● **DATASET SECTION**:
-------

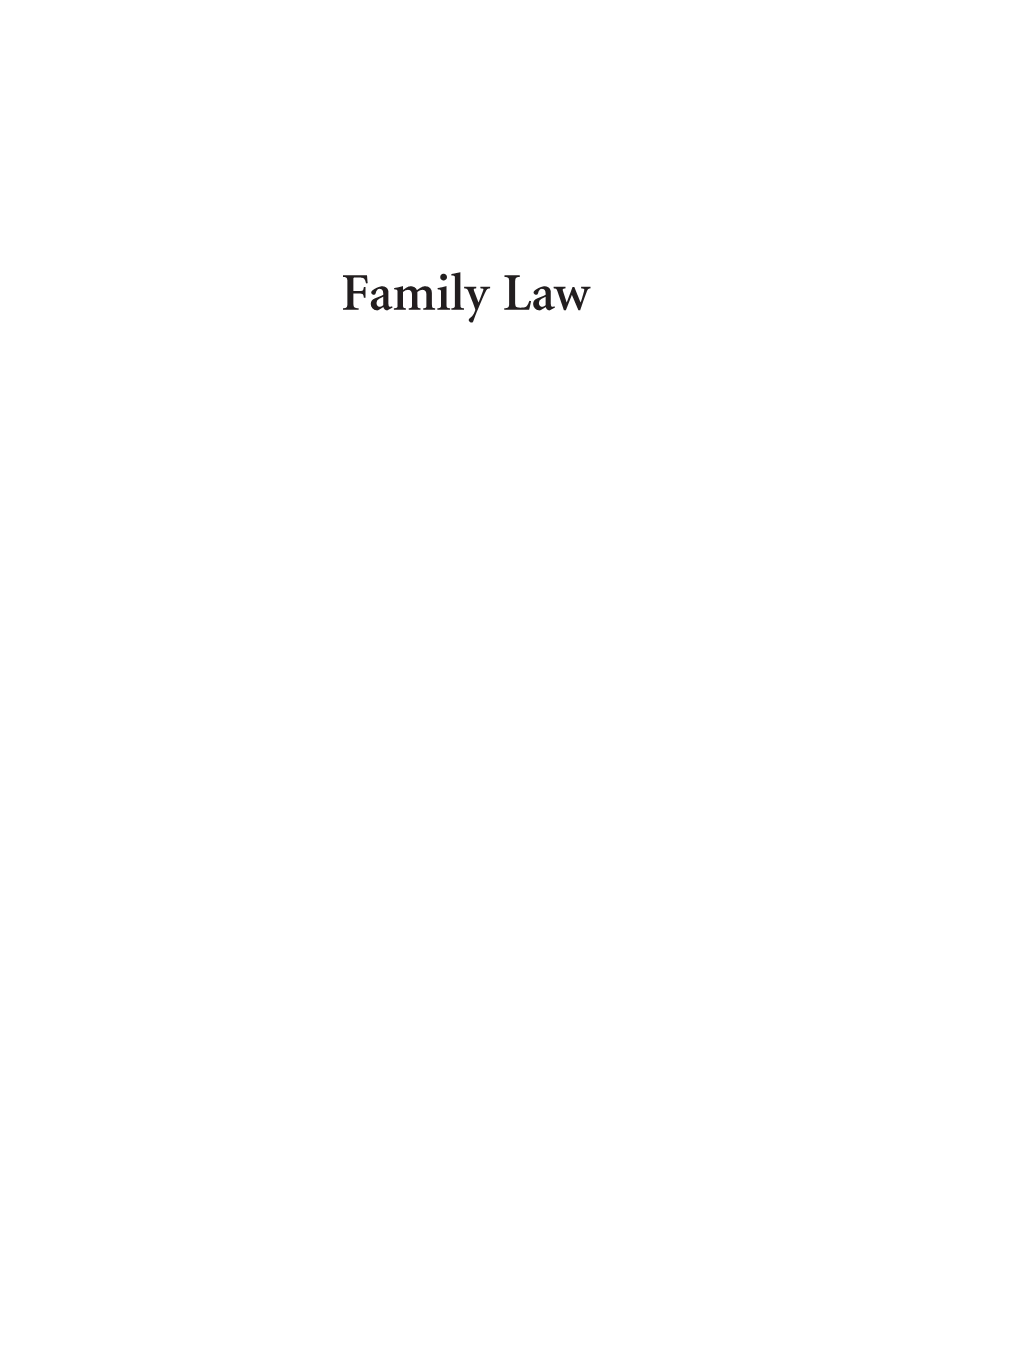 Family Law Berenson Fam Law 00 Fmt F2.Qxp 12/2/16 12:20 PM Page Ii Berenson Fam Law 00 Fmt F2.Qxp 12/2/16 12:20 PM Page Iii
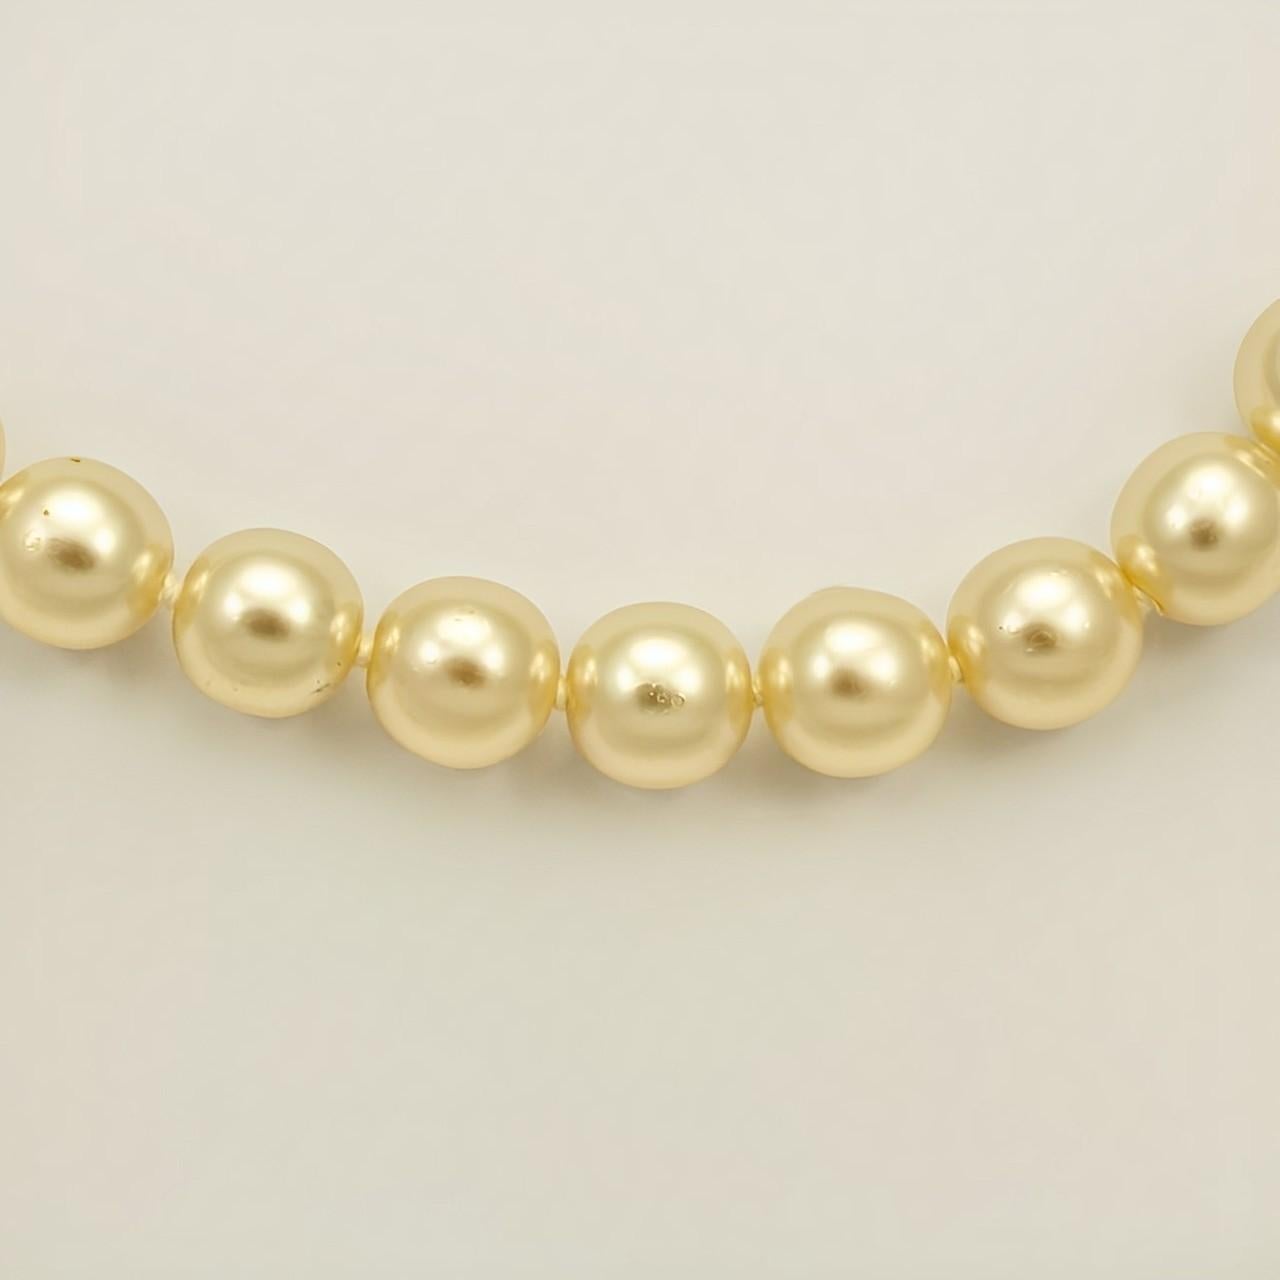 Beautiful cream glass pearl necklace featuring a round gold plated ridged design clasp set with three pearls. The lustrous pearls are knotted between each pearl. Measuring length 43.5 cm / 17.1 inches. The pearls are 9 mm / .35 inch. The necklace is
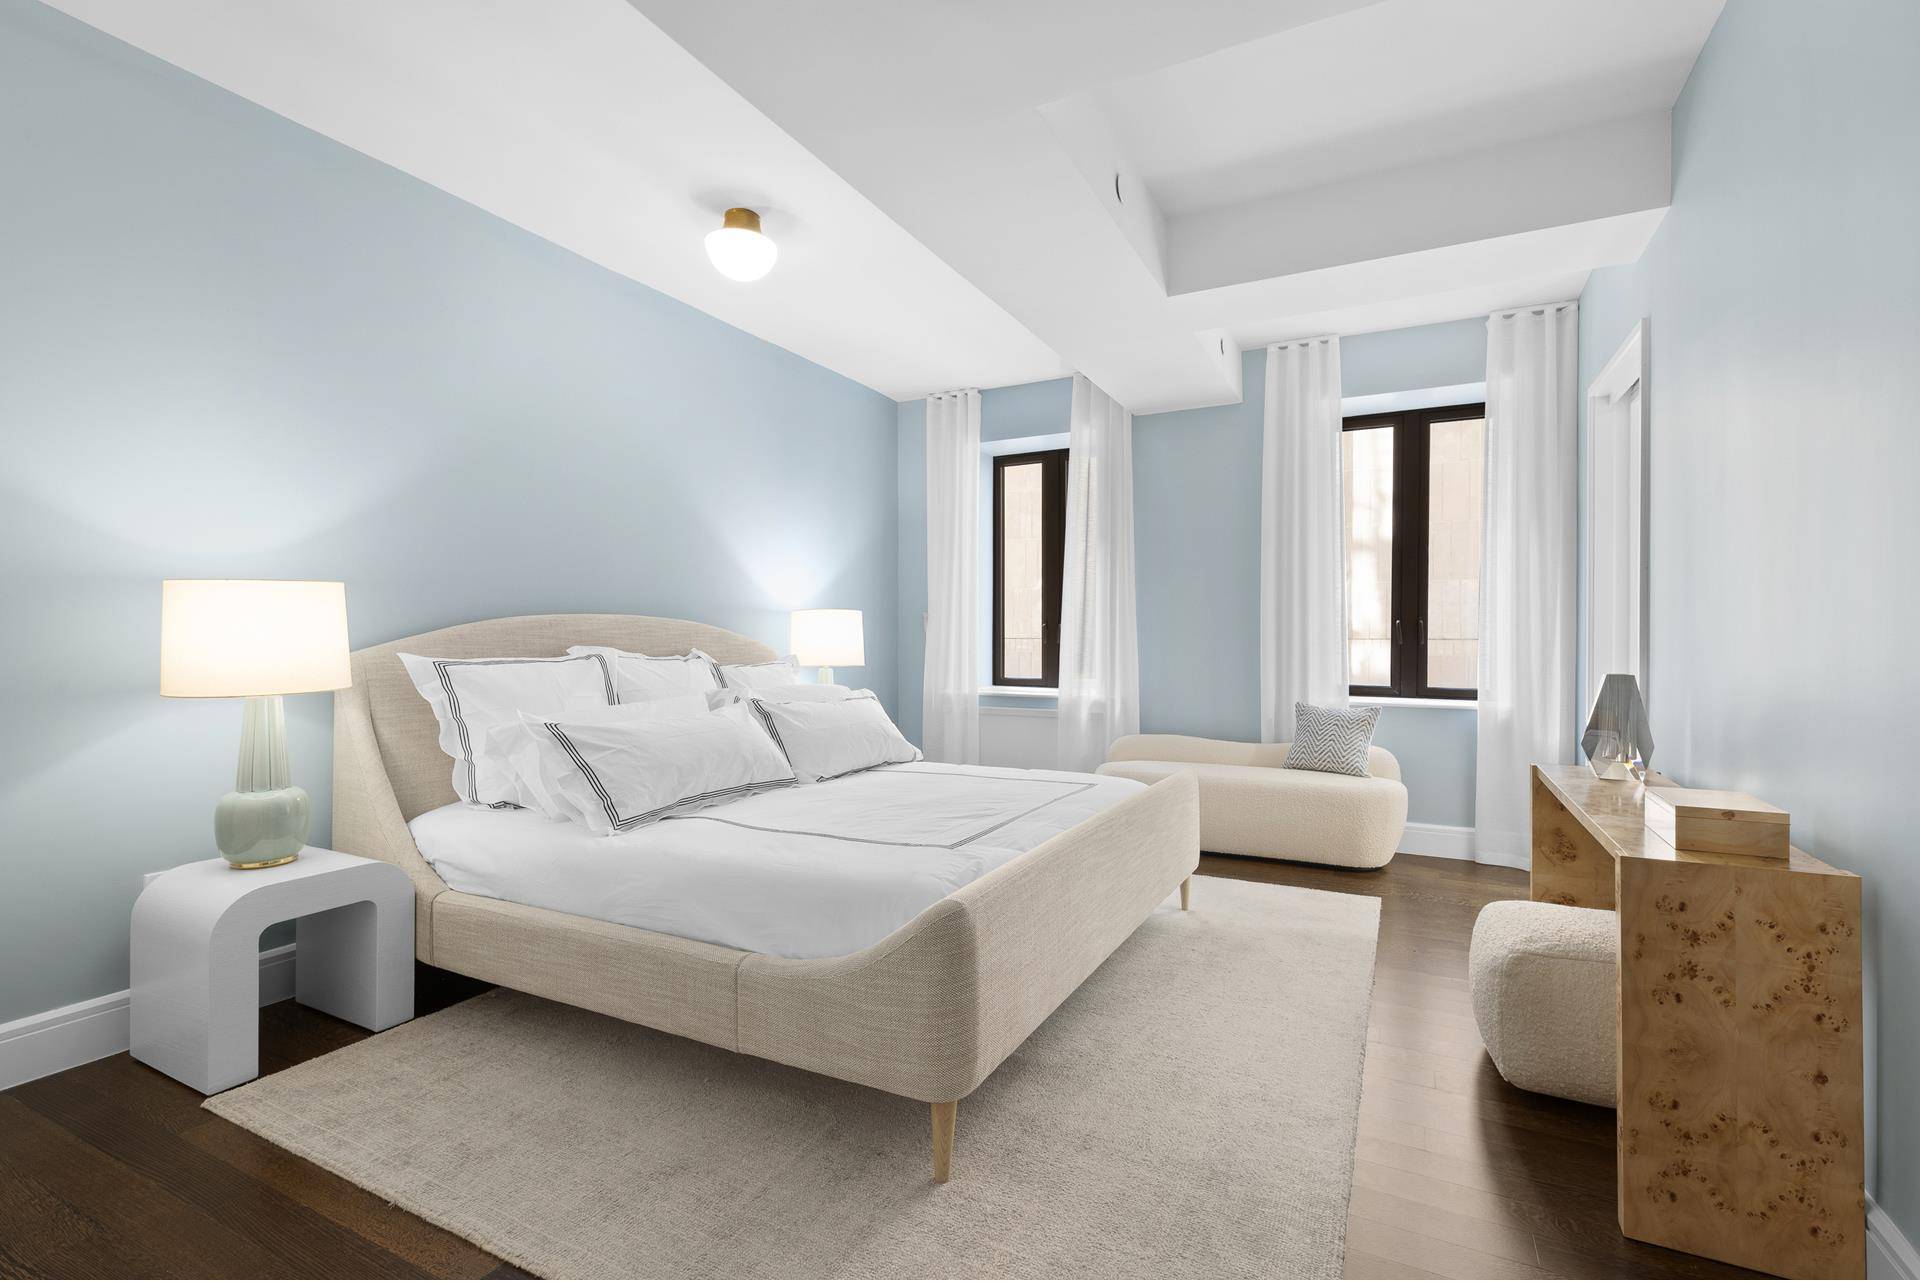 Comprising just eight full floor residences, 220 East 20th Street offers exceptionally discreet living within Gramercy Square.

-------

● **TASK ITEM**:
For each line above, output its wording exactly and leave out any picture.

● **ANSWER BELOW**:
 Family Law Berenson Fam Law 00 Fmt F2.Qxp 12/2/16 12:20 PM Page Ii Berenson Fam Law 00 Fmt F2.Qxp 12/2/16 12:20 PM Page Iii
 Beautiful cream glass pearl necklace featuring a round gold plated ridged design clasp set with three pearls. The lustrous pearls are knotted between each pearl. Measuring length 43.5 cm / 17.1 inches. The pearls are 9 mm / .35 inch. The necklace is
 Comprising just eight full floor residences, 220 East 20th Street offers exceptionally discreet living within Gramercy Square.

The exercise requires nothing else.